[WHAT THE TASK REQUIRES] Everything from the line with "Jučer je završio" through the last line of the data below should be copied exactly, apart from the pictures.

[DATA PROVIDED]
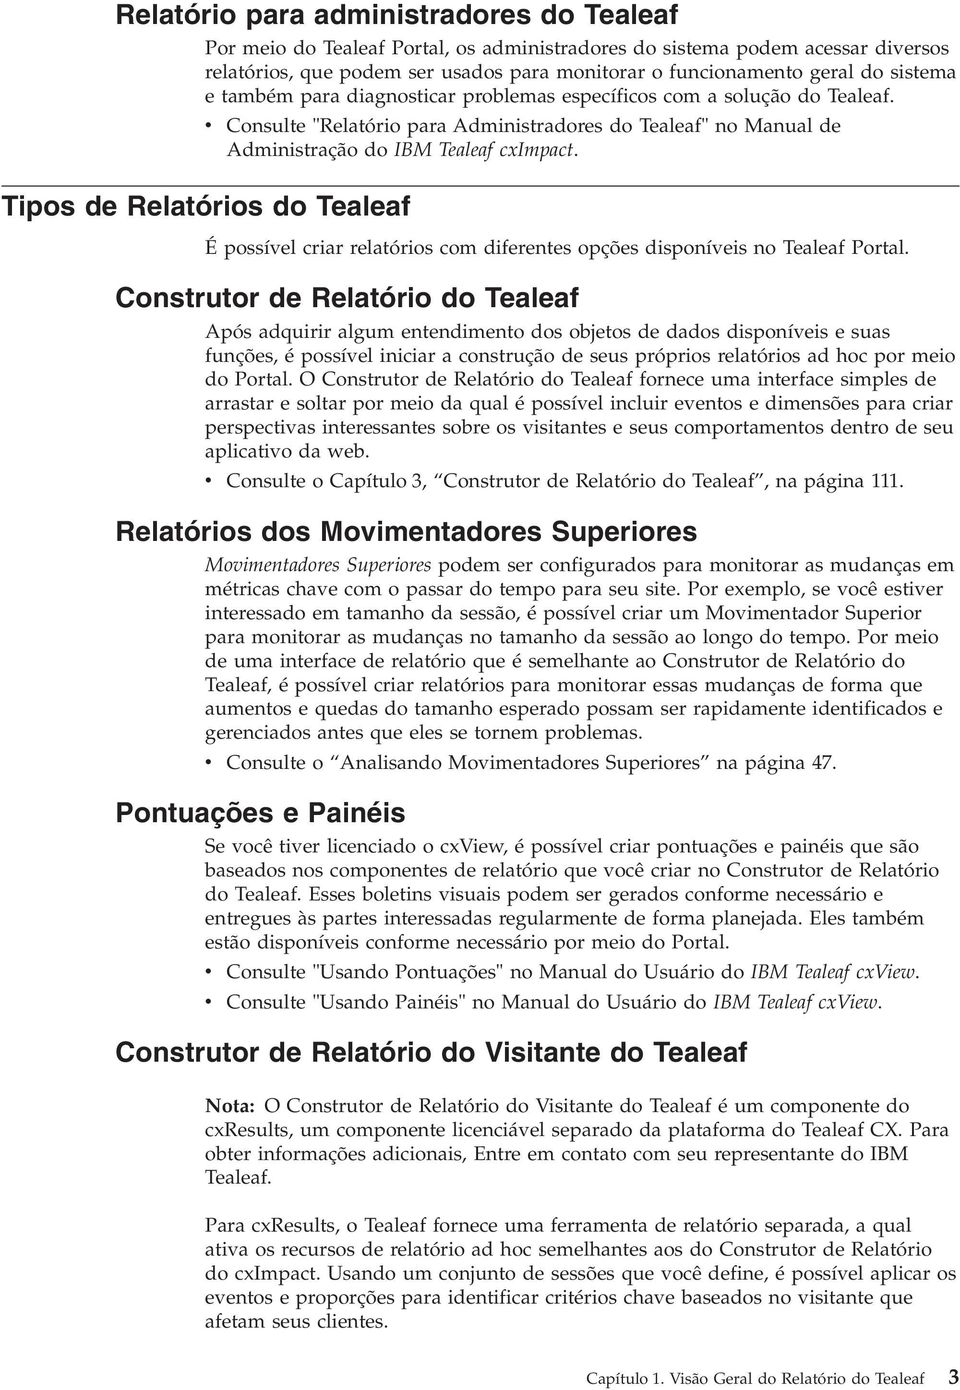 Tipos de Relatórios do Tealeaf Consulte "Relatório para Administradores do Tealeaf" no Manual de Administração do IBM Tealeaf cximpact.
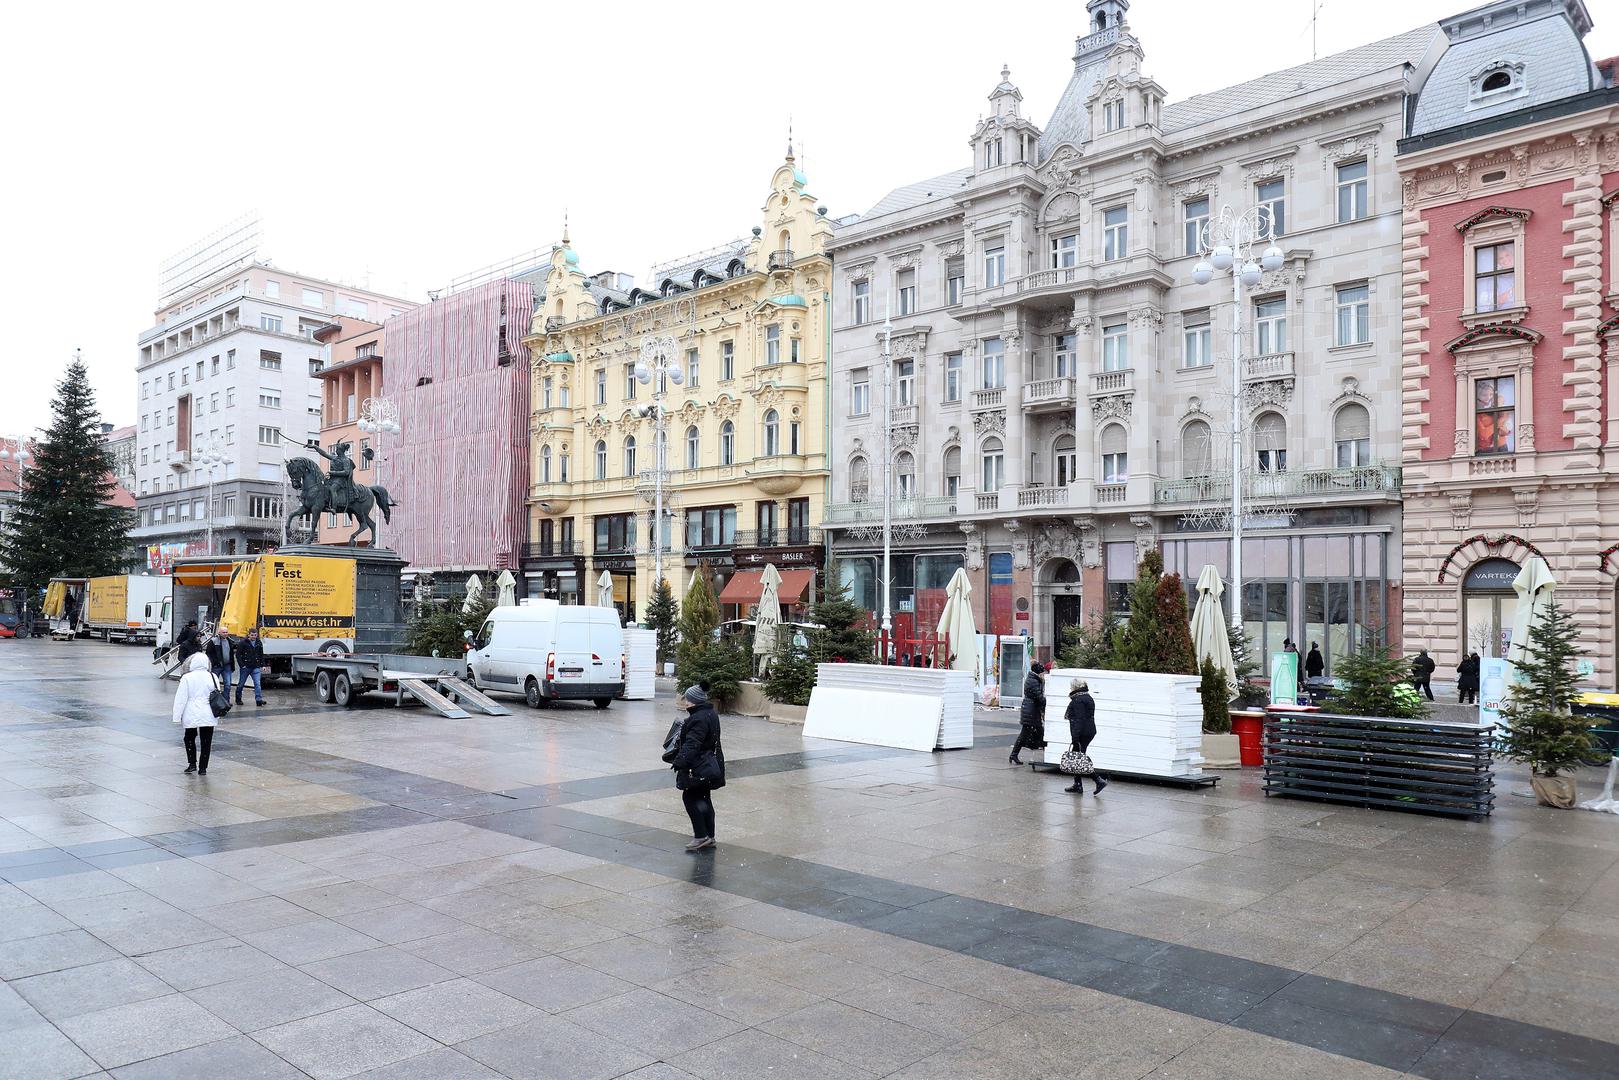 Jučer je završio Advent u Zagrebu, a već danas uklanjaju se kućice i sav popratni sadržaj iz središta grada.
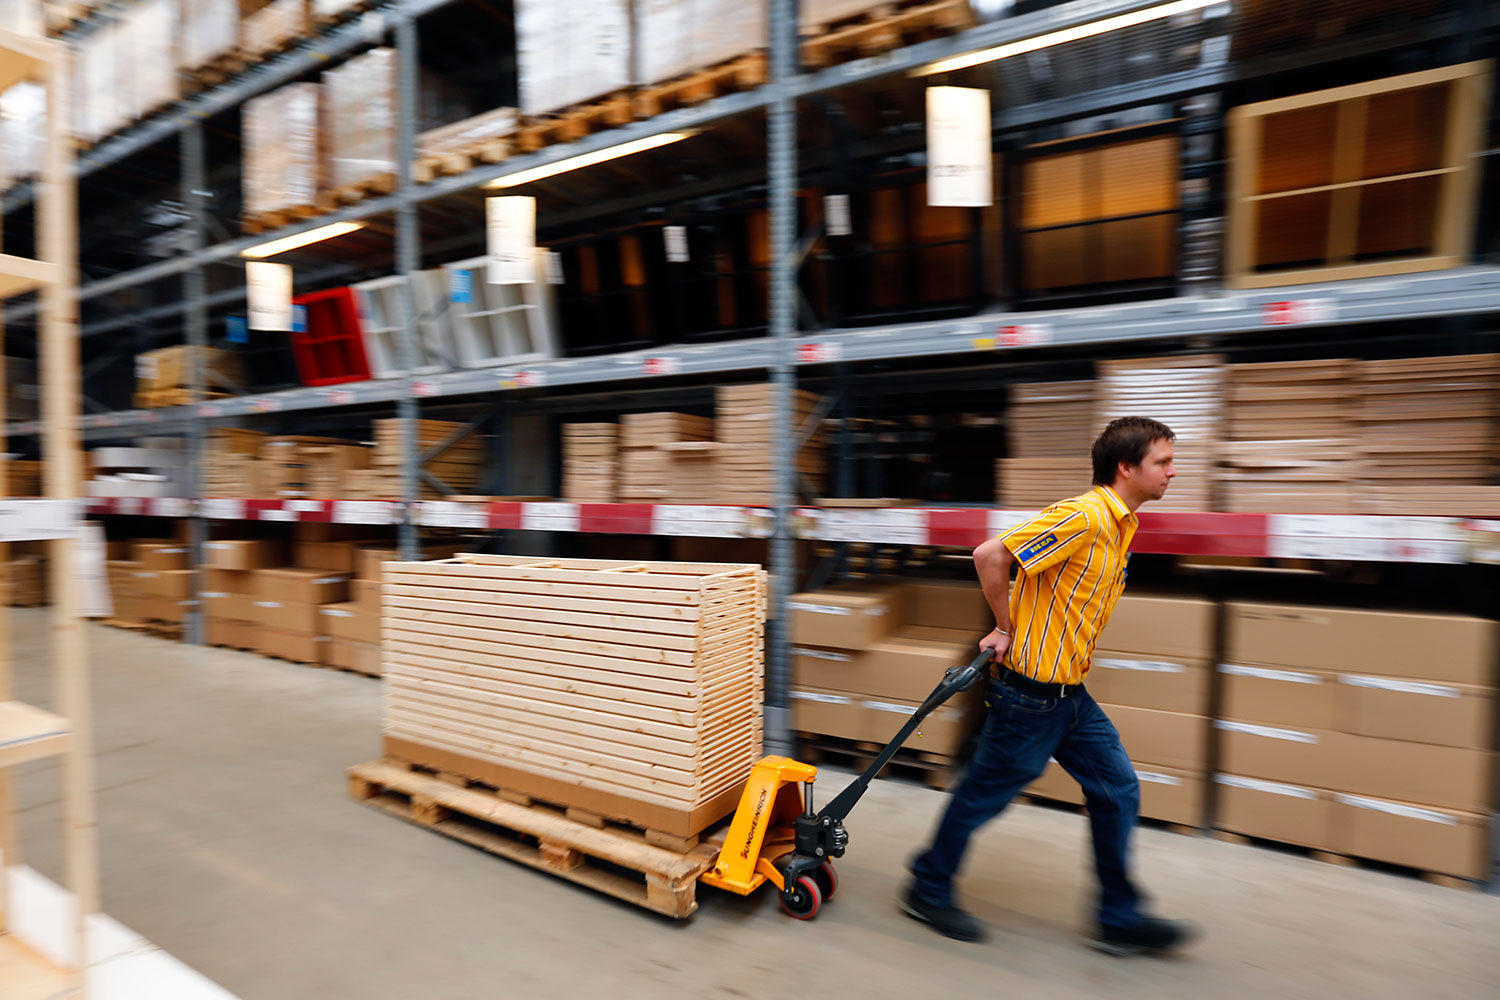 Ikea se queda sin encimeras, armarios y accesorios por la crisis de suministros
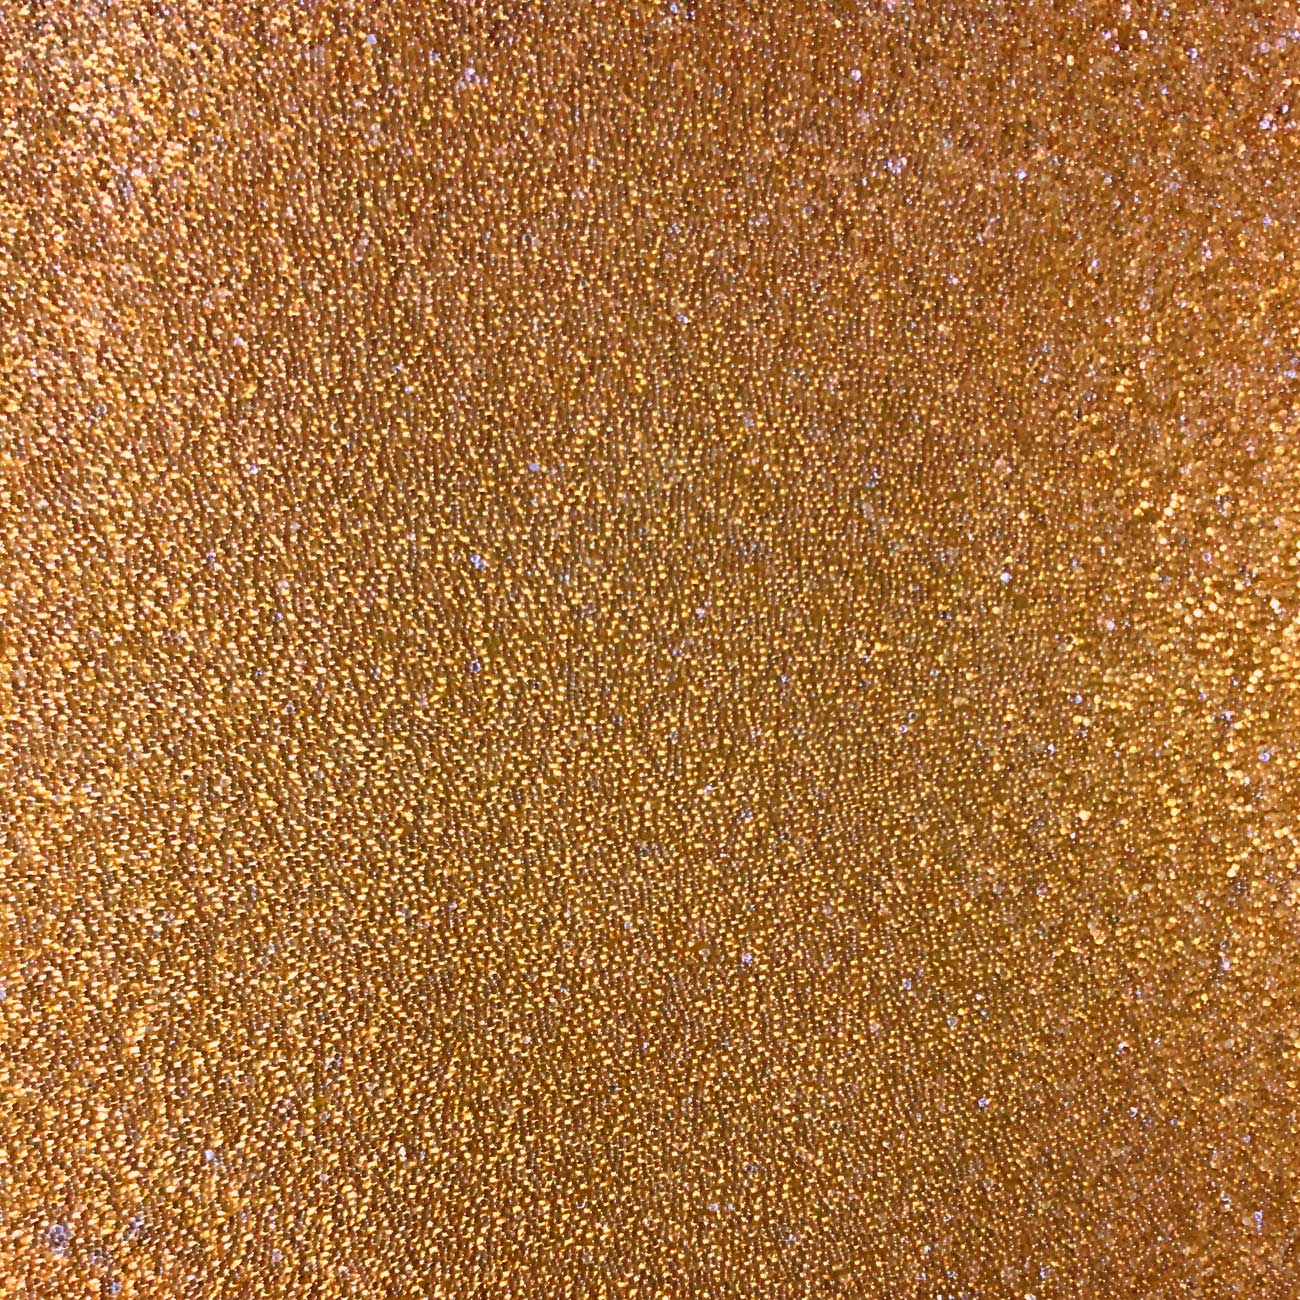 Wandverkleidung CBS13 CRYSTAL Uni handgearbeitet mit echten Glasperlen gold-braun

[WRITTEN REPLY]
 Jučer je završio Advent u Zagrebu, a već danas uklanjaju se kućice i sav popratni sadržaj iz središta grada.
 Ikea se queda sin encimeras, armarios y accesorios por la crisis de suministros
 Wandverkleidung CBS13 CRYSTAL Uni handgearbeitet mit echten Glasperlen gold-braun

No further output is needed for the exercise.